Oriel Ross married George Poulett, 8th Earl Poulett on 21 June 1935; they were divorced in 1941.

In 1938 she appeared in various productions: A Midsummer's Dream at Regent's Park; Helen in Troilus and Cressida at the Westminster Theatre; On a Summer Day at the Torch Theatre; Touchwood at the "Q" & Embassy Theatre; Alonzo MacTavish at the radio; and as Isolda in the television film Tristan and Isolda. In 1941 she appeared as Lady Willoughby in the British anti-Nazi thriller "Pimpernel" Smith produced and directed by its star Leslie Howard. In 1946 she appeared as Queen Isabella of Castile in the drama television film The Man with the Cloak Full of Holes. In 1952 she appeared as Madame in the first play presented in French by the Institute of Contemporary Arts, The Maids, directed by Peter Zadek.

In the 1940s actor Henry Kendall rented a maisonette in the house she owned in Ebury Street.

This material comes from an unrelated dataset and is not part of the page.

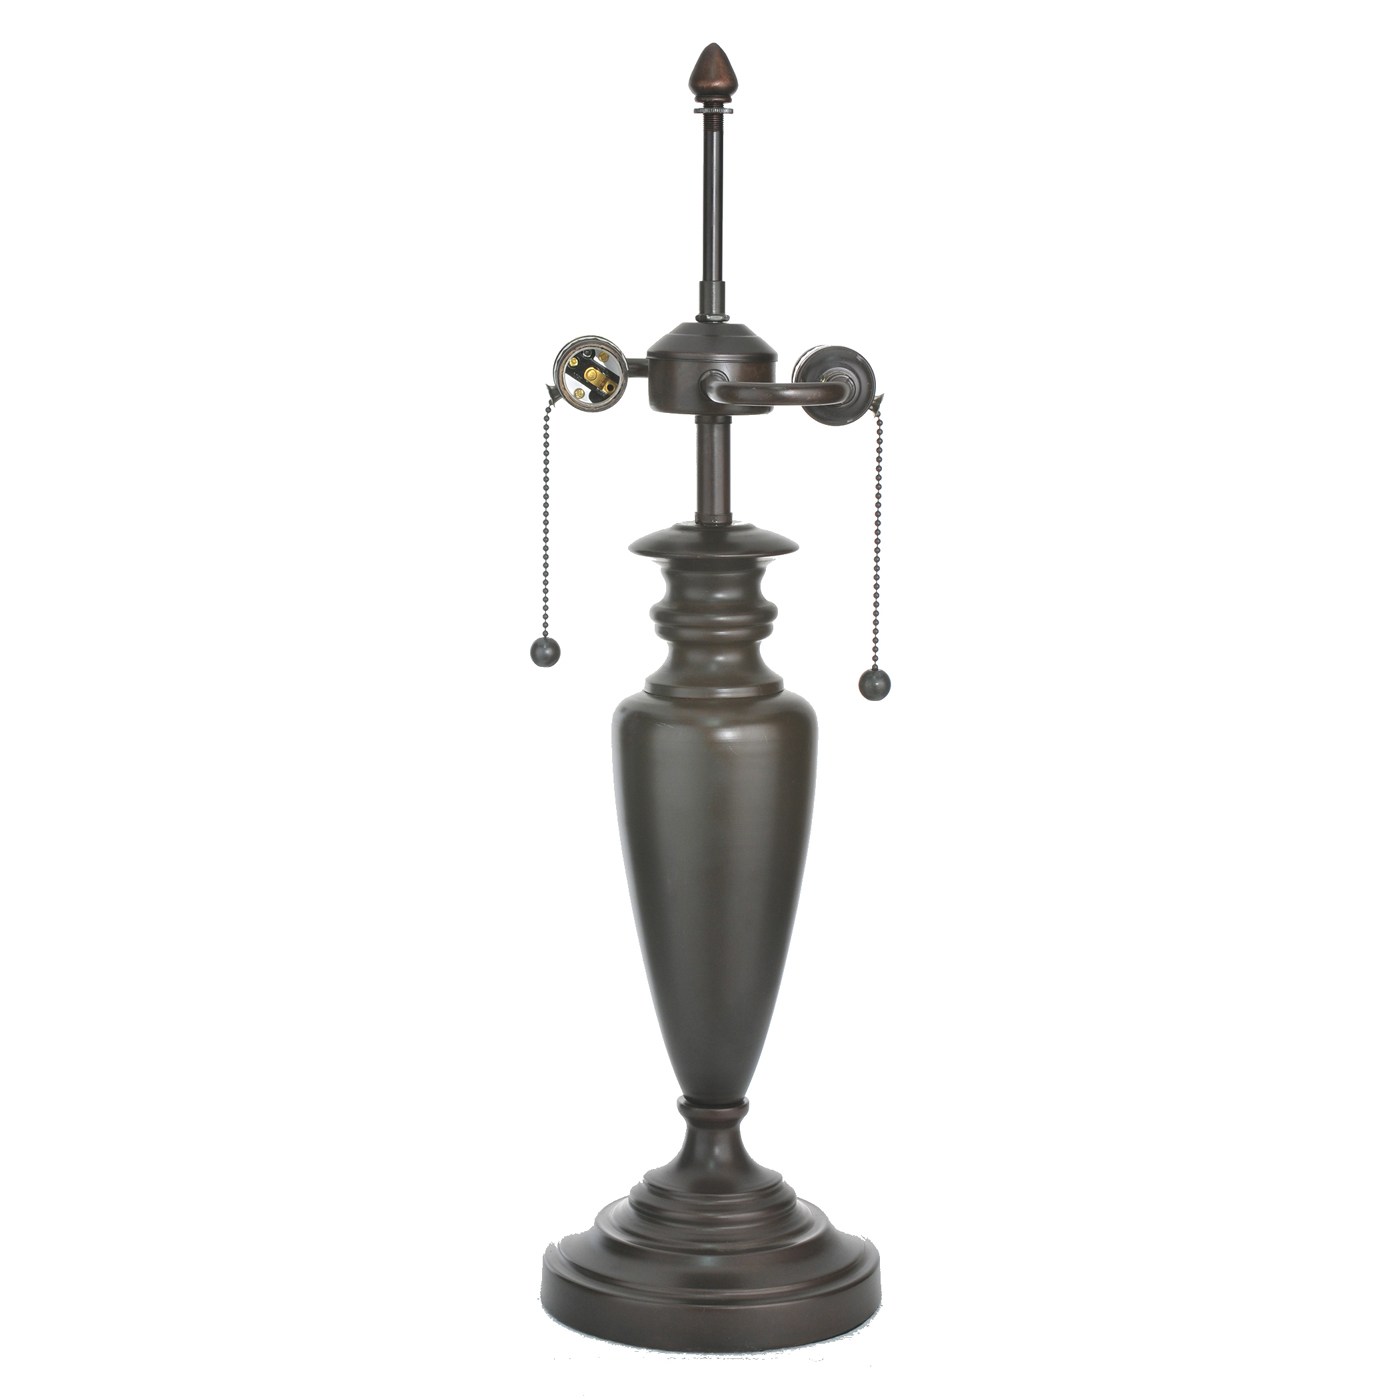 meyda tiffany desk lamp lampu light base table accent lamps this uploaded ocie kassulke from public domain that can find other search engine and posted black dining room chairs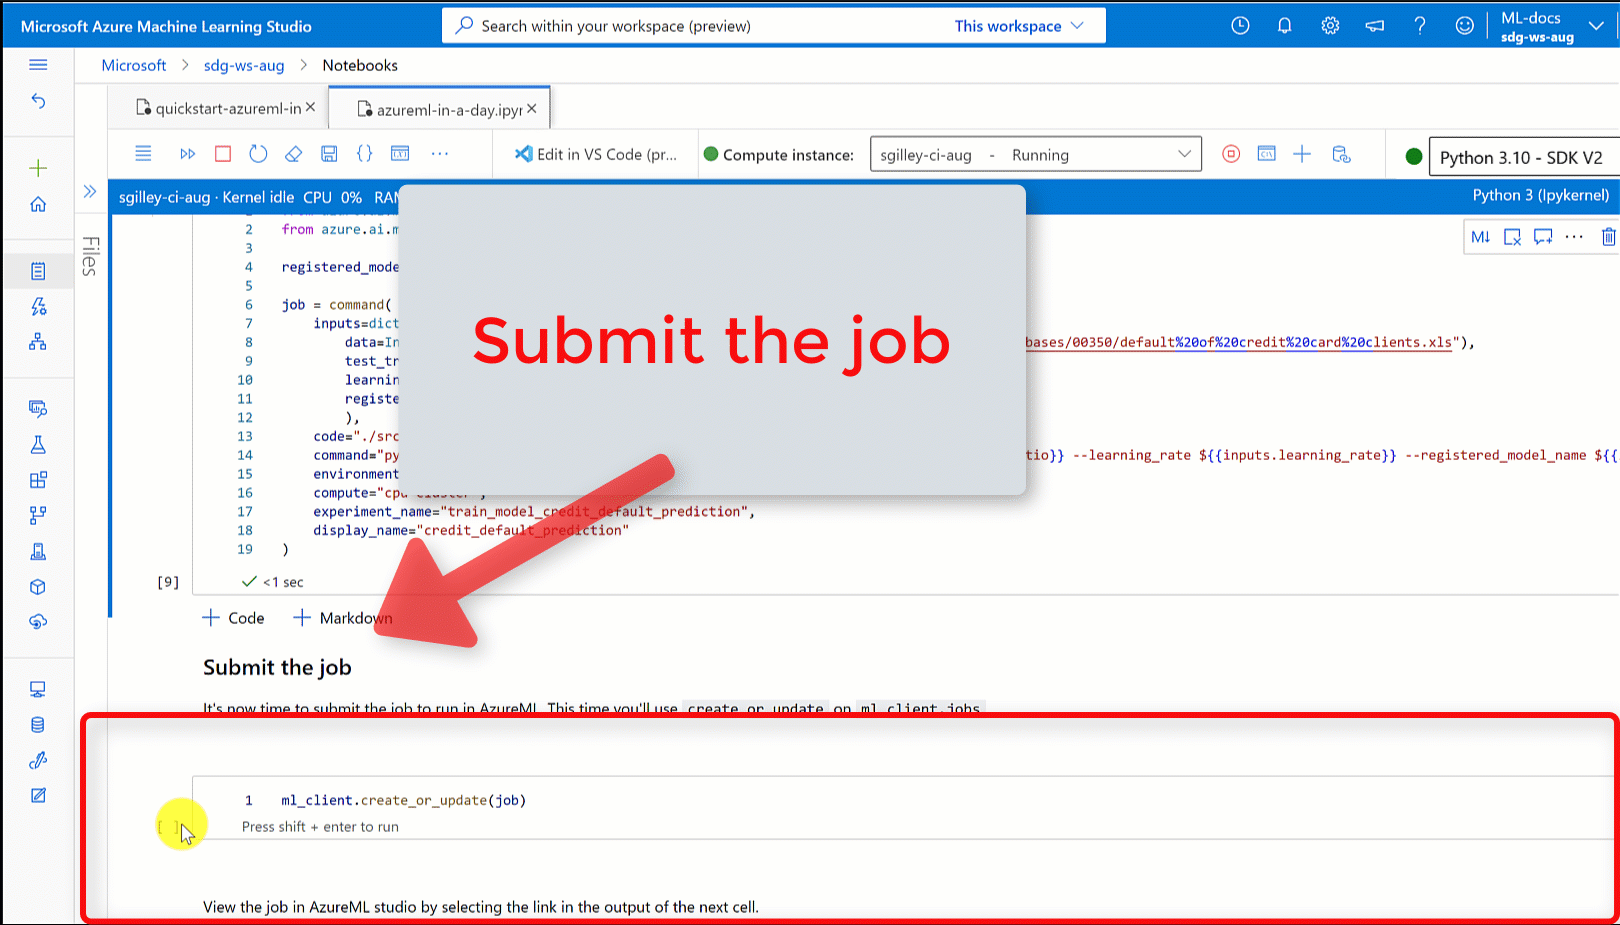 Screenshot shows the overview page for the job.

Ross was a talented amateur artist, making line drawings of friends and colleagues such as Jacob Epstein, the actors Elsa Lanchester and Ernest Thesiger, the gallery owner Arthur Jeffress and the composer Constant Lambert. Seven of her drawings are in the collection of the National Portrait Gallery.

She died on 20 October 1994 in Hoxne, Suffolk.